■ EXERCISE AIM:
The required output is the exact text of the lines from the line containing "Russell Westbrook of" through the final line below, inclusive, without pictures.

■ SUPPLIED INFORMATION:
== == ==
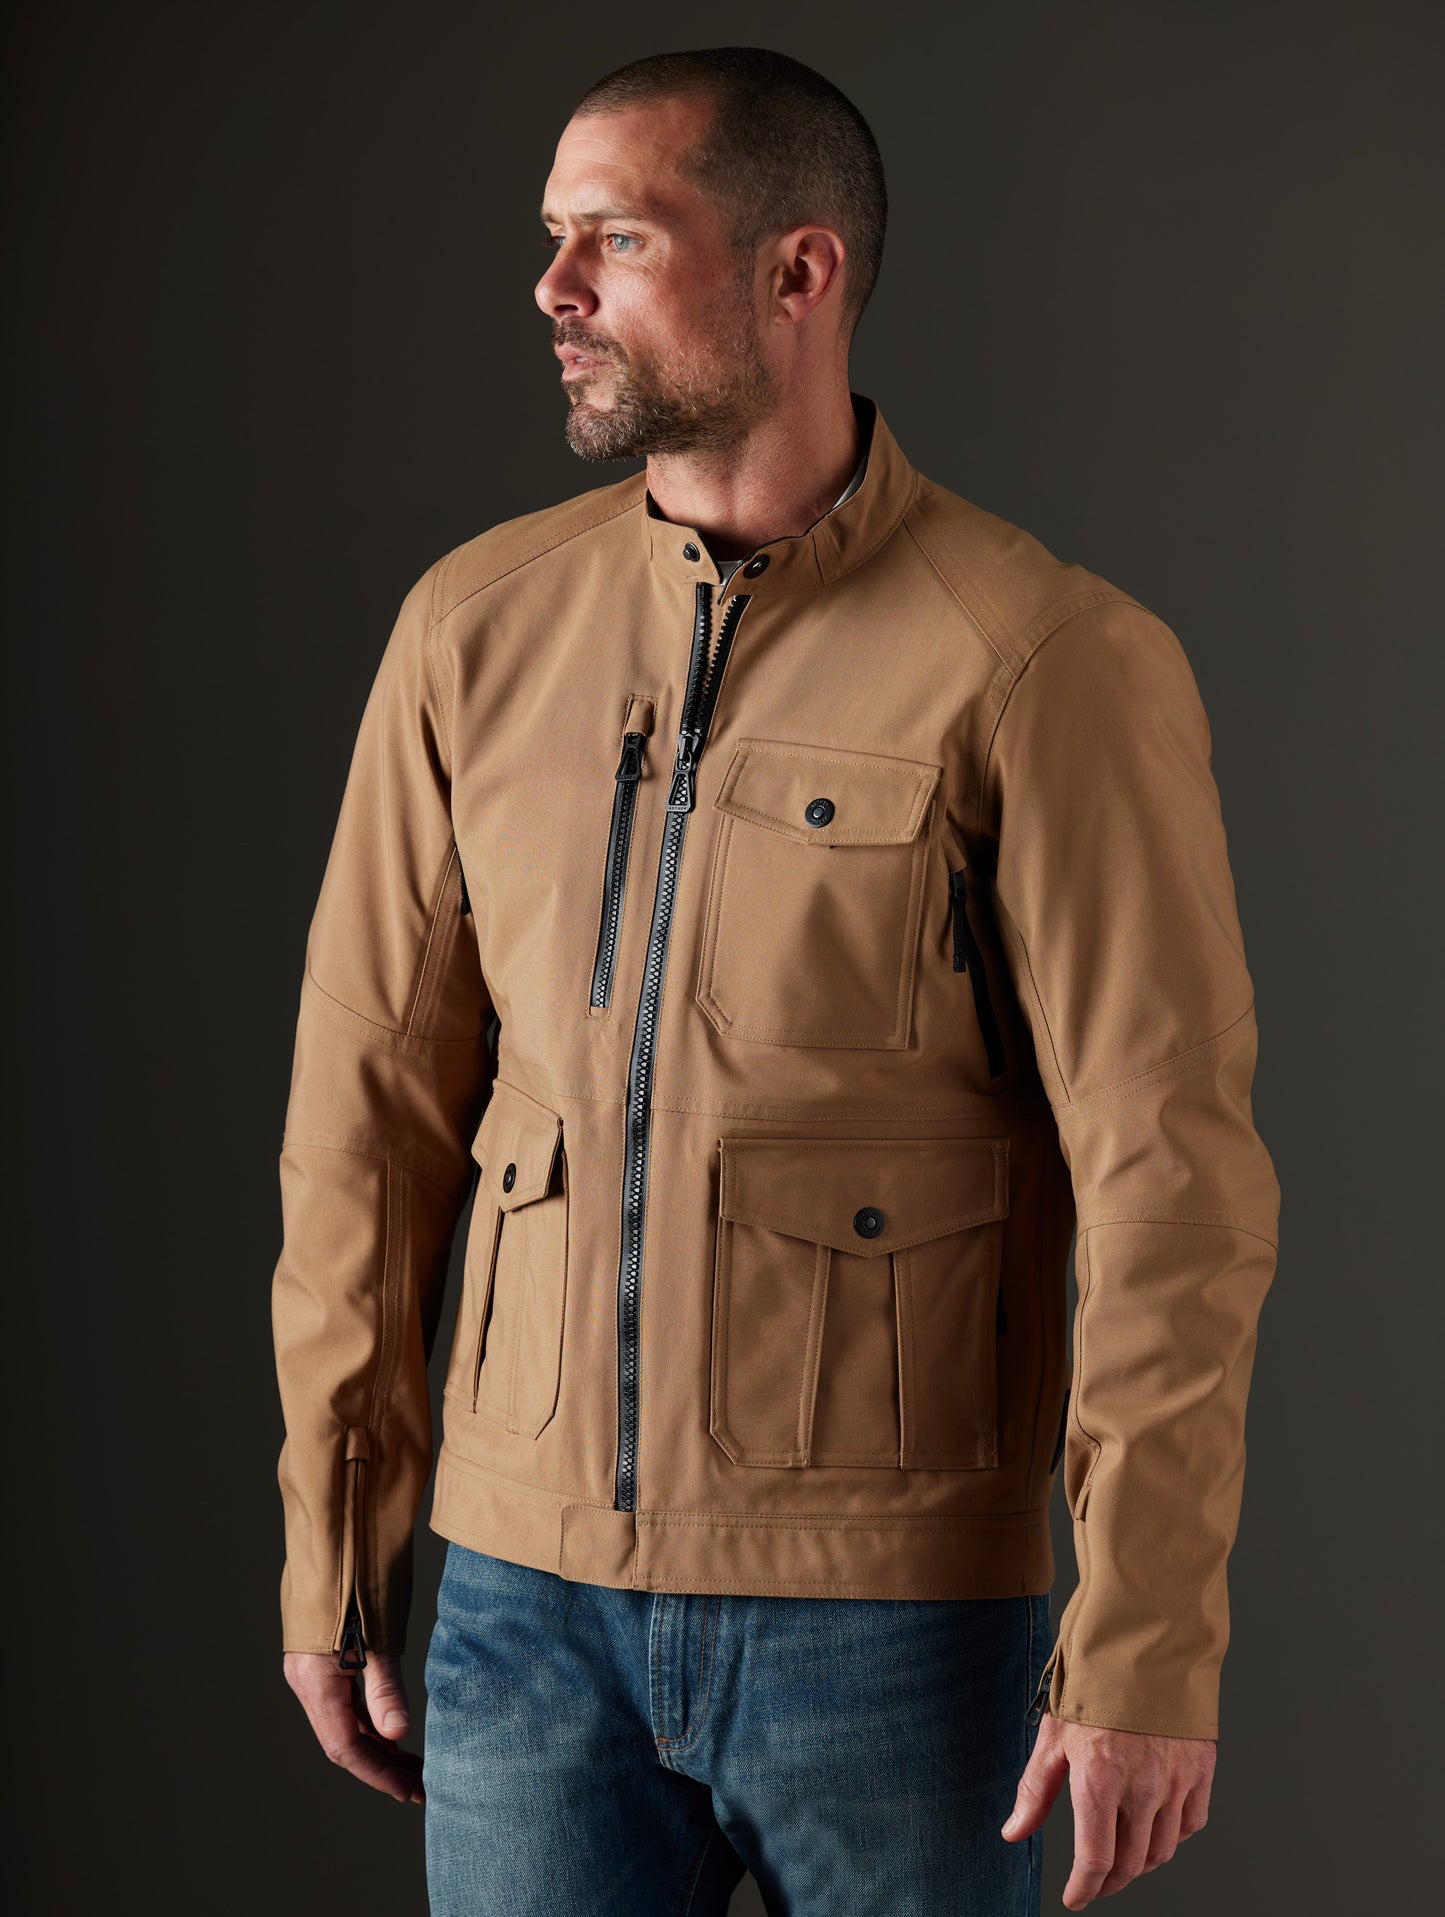 Man wearing brown motorcycle jacket from AETHER Apparel
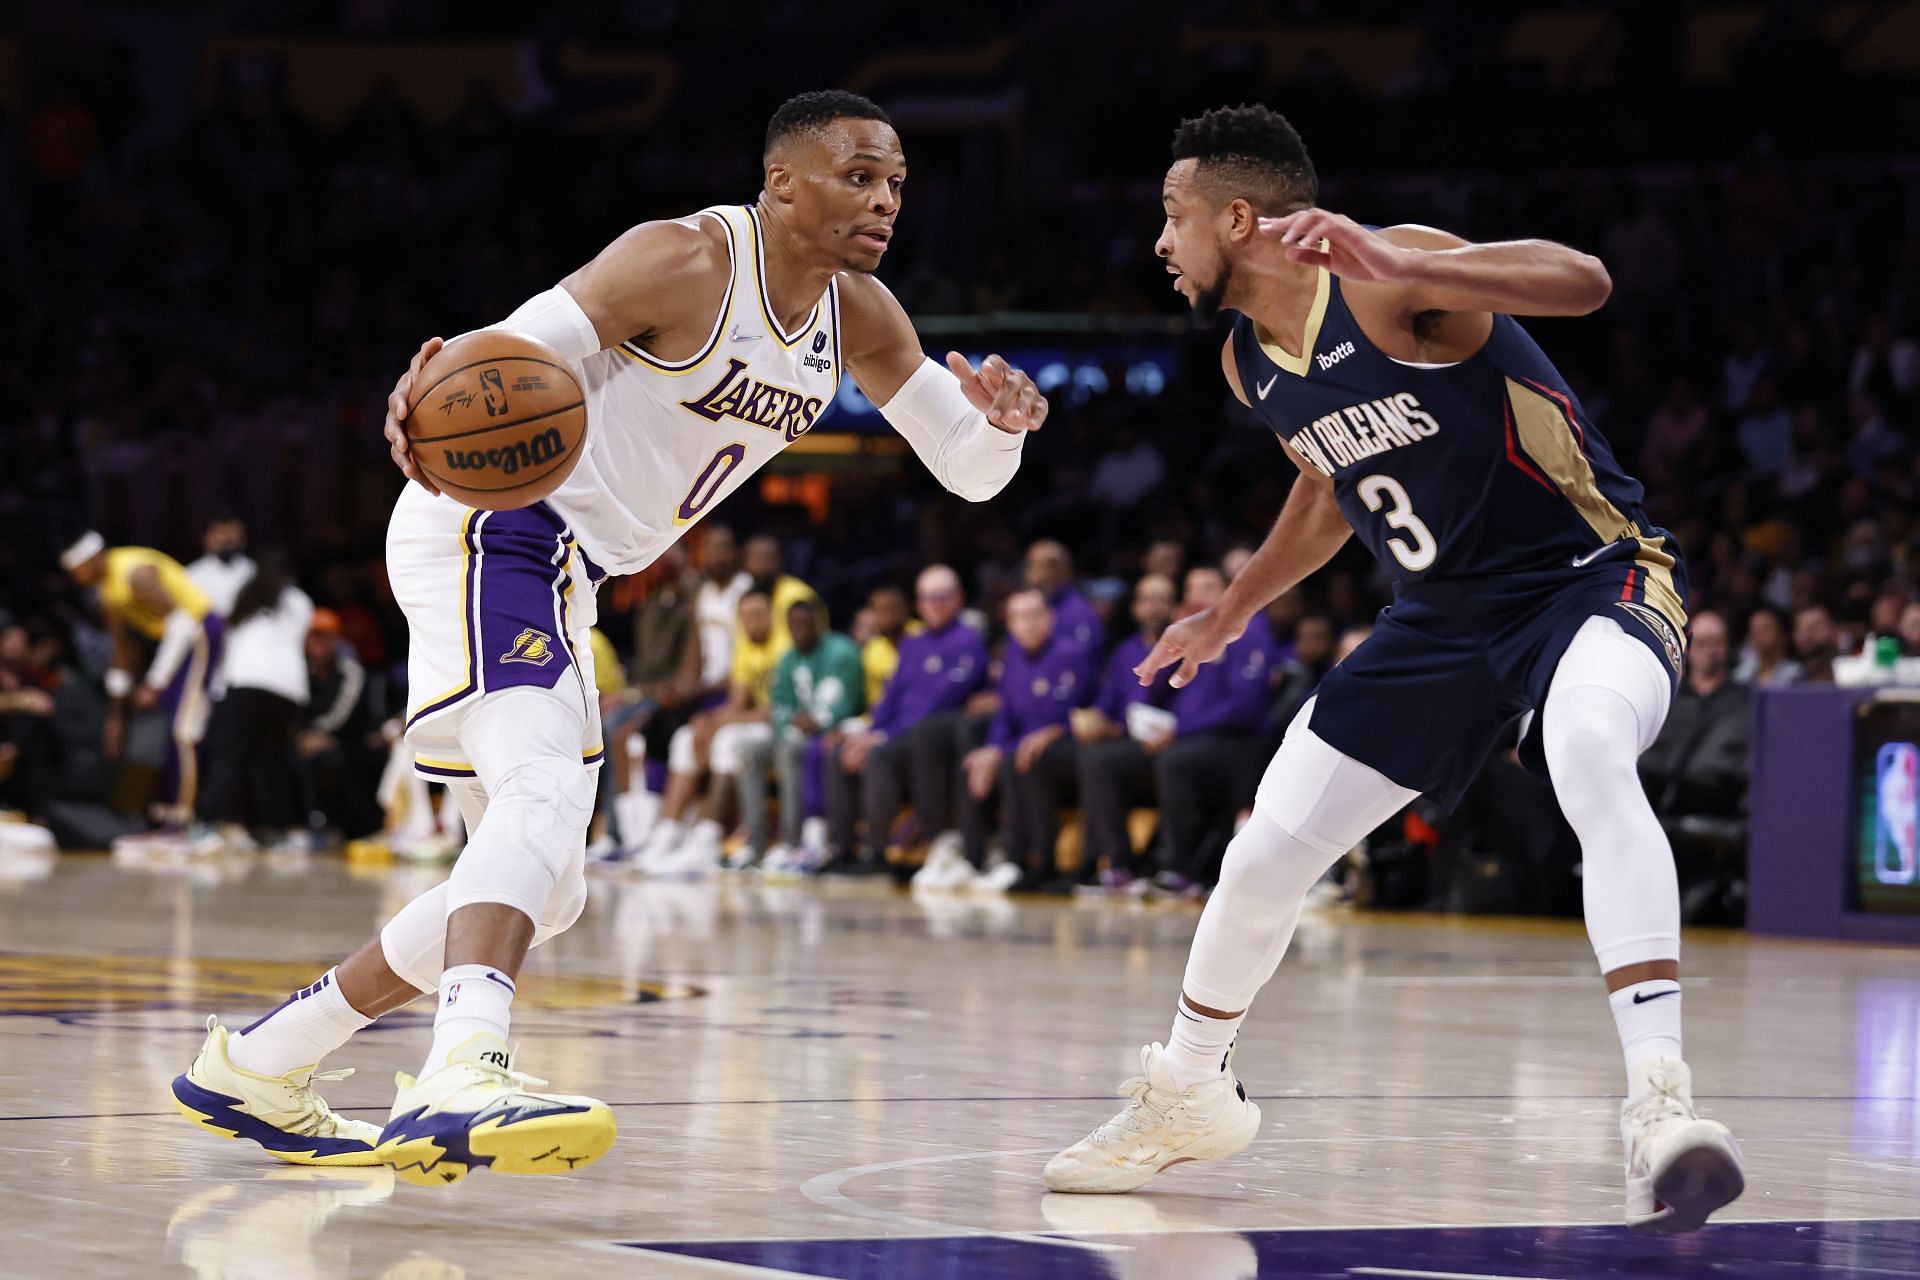 Russell Westbrook of the LA Lakers against CJ McCollum of the New Orleans Pelicans
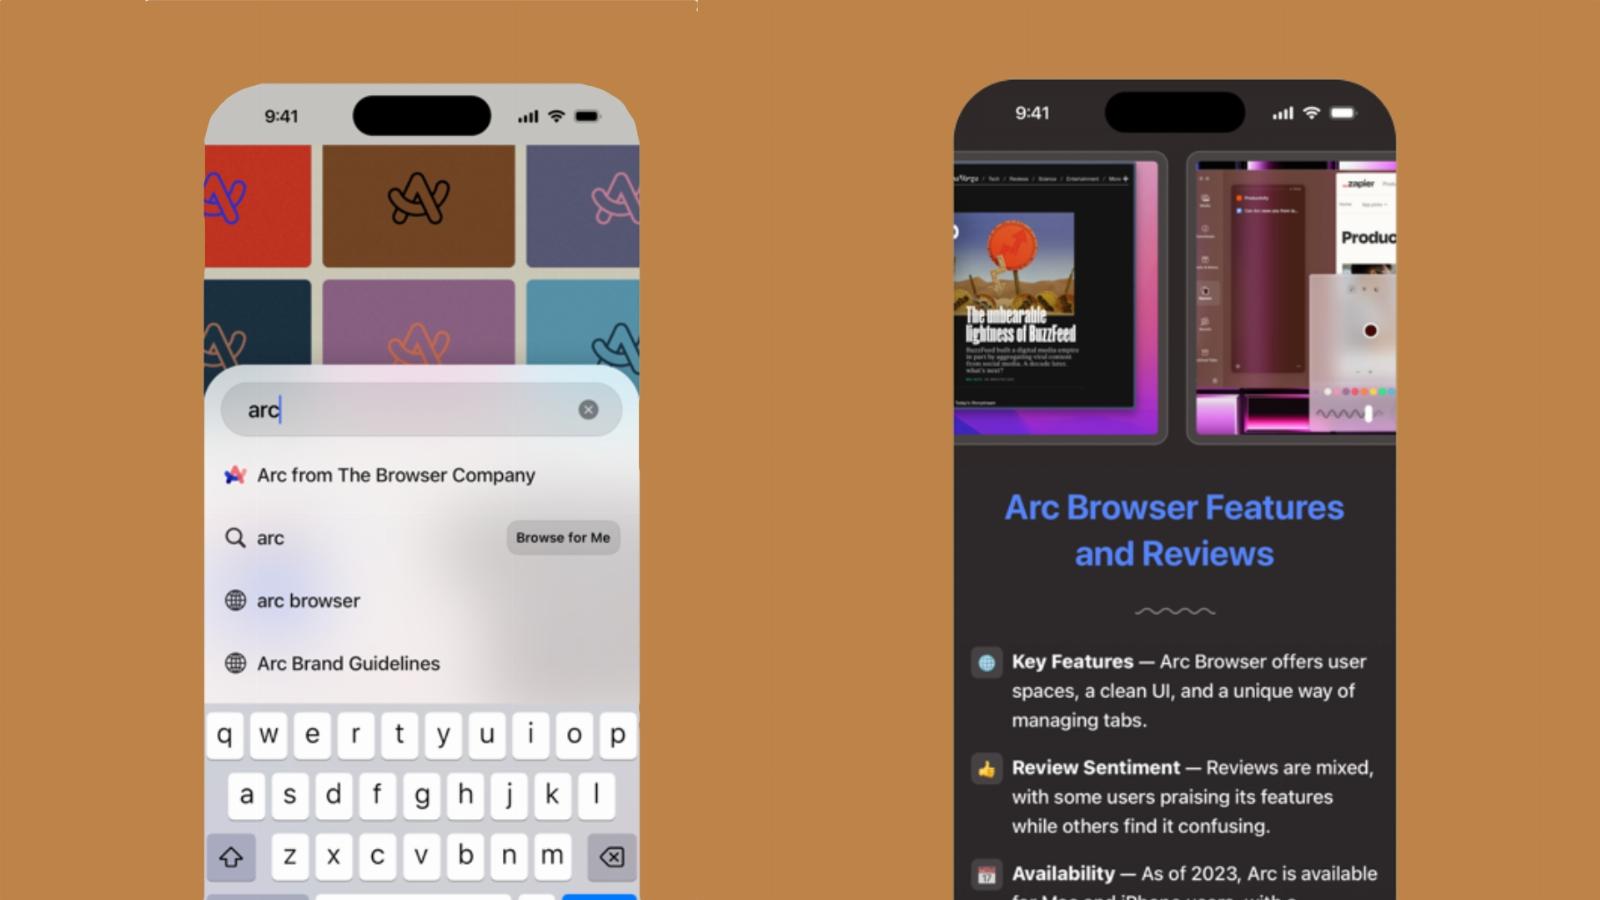 Arc browser’s new AI-powered ‘pinch-to-summarize’ feature is clever, but often misses the mark
== == ==
■ RESPONSE AREA:
 Russell Westbrook of the LA Lakers against CJ McCollum of the New Orleans Pelicans
 Arc browser’s new AI-powered ‘pinch-to-summarize’ feature is clever, but often misses the mark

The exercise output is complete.